> [Exercise goal]: The answer must consist only of the lines from the line with "Enjoy the sunset by Valokuva24" to the line with "WILJA Klapphocker Karl", both included, exactly as they stand below.

> [Source material]:
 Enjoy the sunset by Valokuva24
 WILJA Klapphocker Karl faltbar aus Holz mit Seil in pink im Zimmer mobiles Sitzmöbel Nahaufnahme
--
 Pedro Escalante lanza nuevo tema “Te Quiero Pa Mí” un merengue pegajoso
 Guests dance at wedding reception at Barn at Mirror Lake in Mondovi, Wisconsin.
...
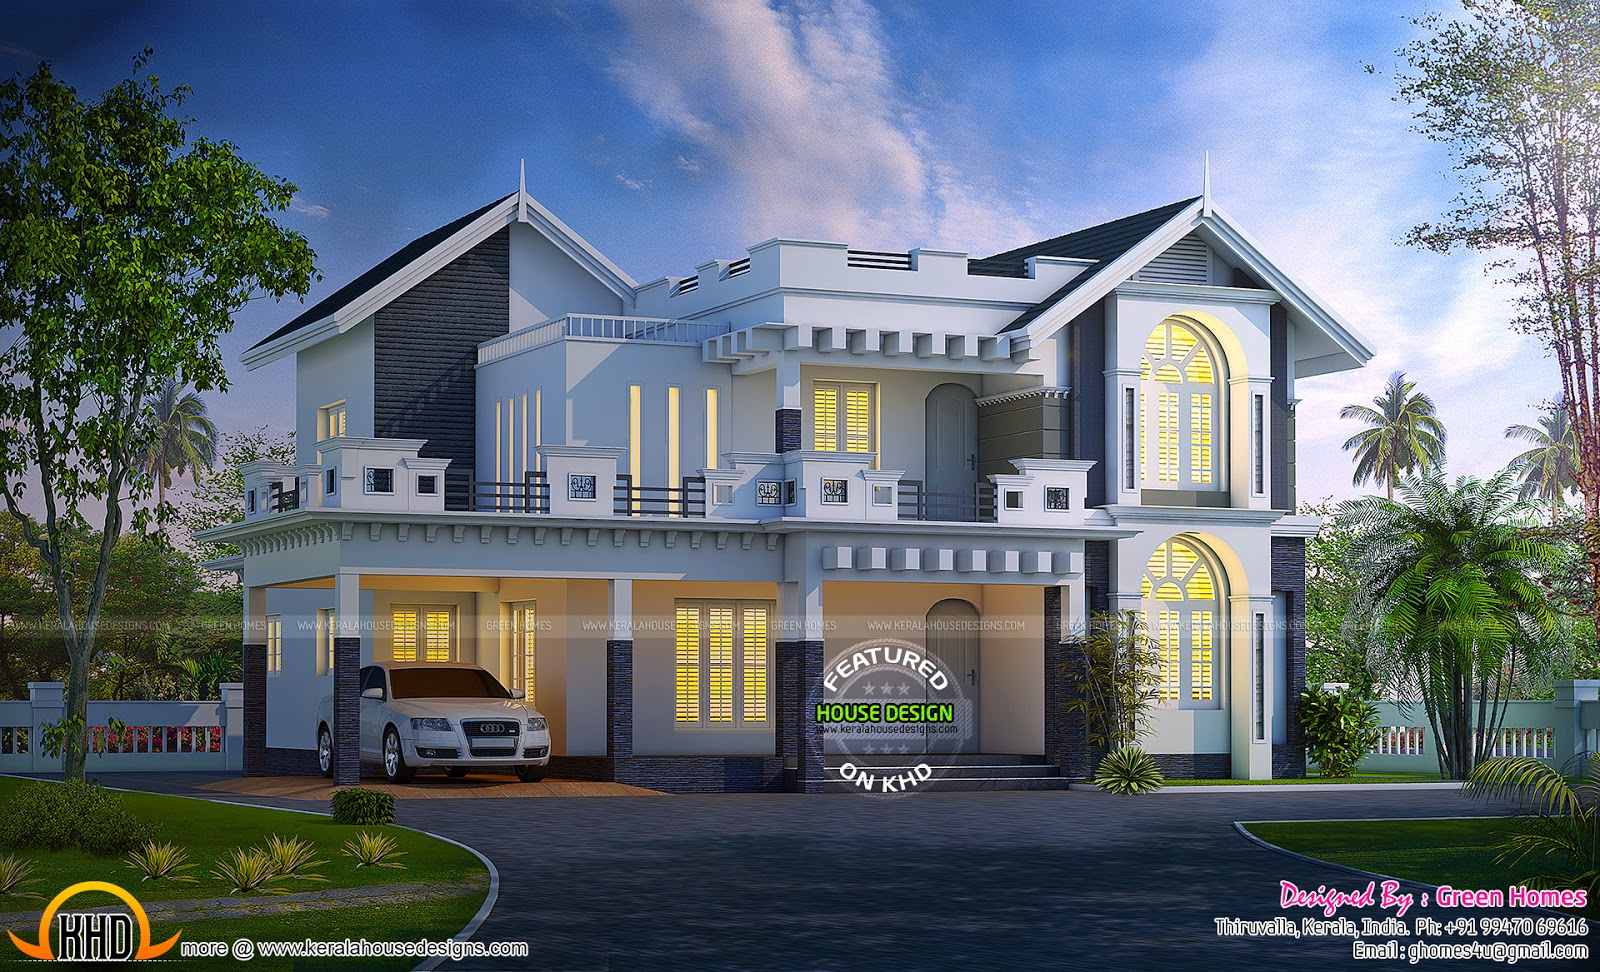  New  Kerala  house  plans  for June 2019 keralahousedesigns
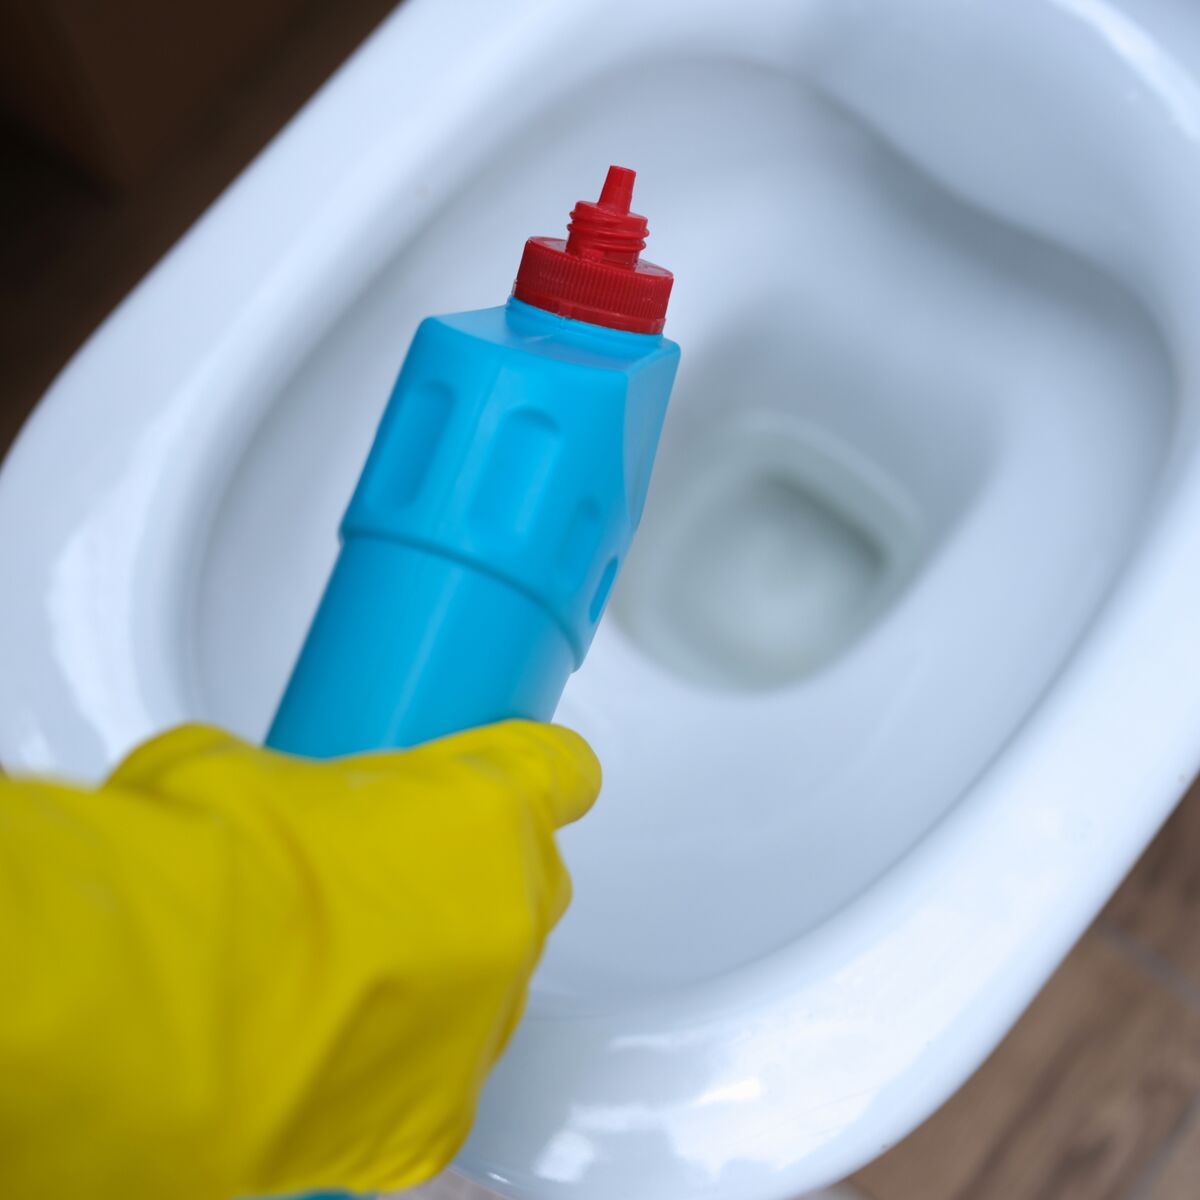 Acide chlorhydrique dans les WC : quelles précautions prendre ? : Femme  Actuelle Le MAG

> [Result of the exercise]:
 Enjoy the sunset by Valokuva24
 WILJA Klapphocker Karl faltbar aus Holz mit Seil in pink im Zimmer mobiles Sitzmöbel Nahaufnahme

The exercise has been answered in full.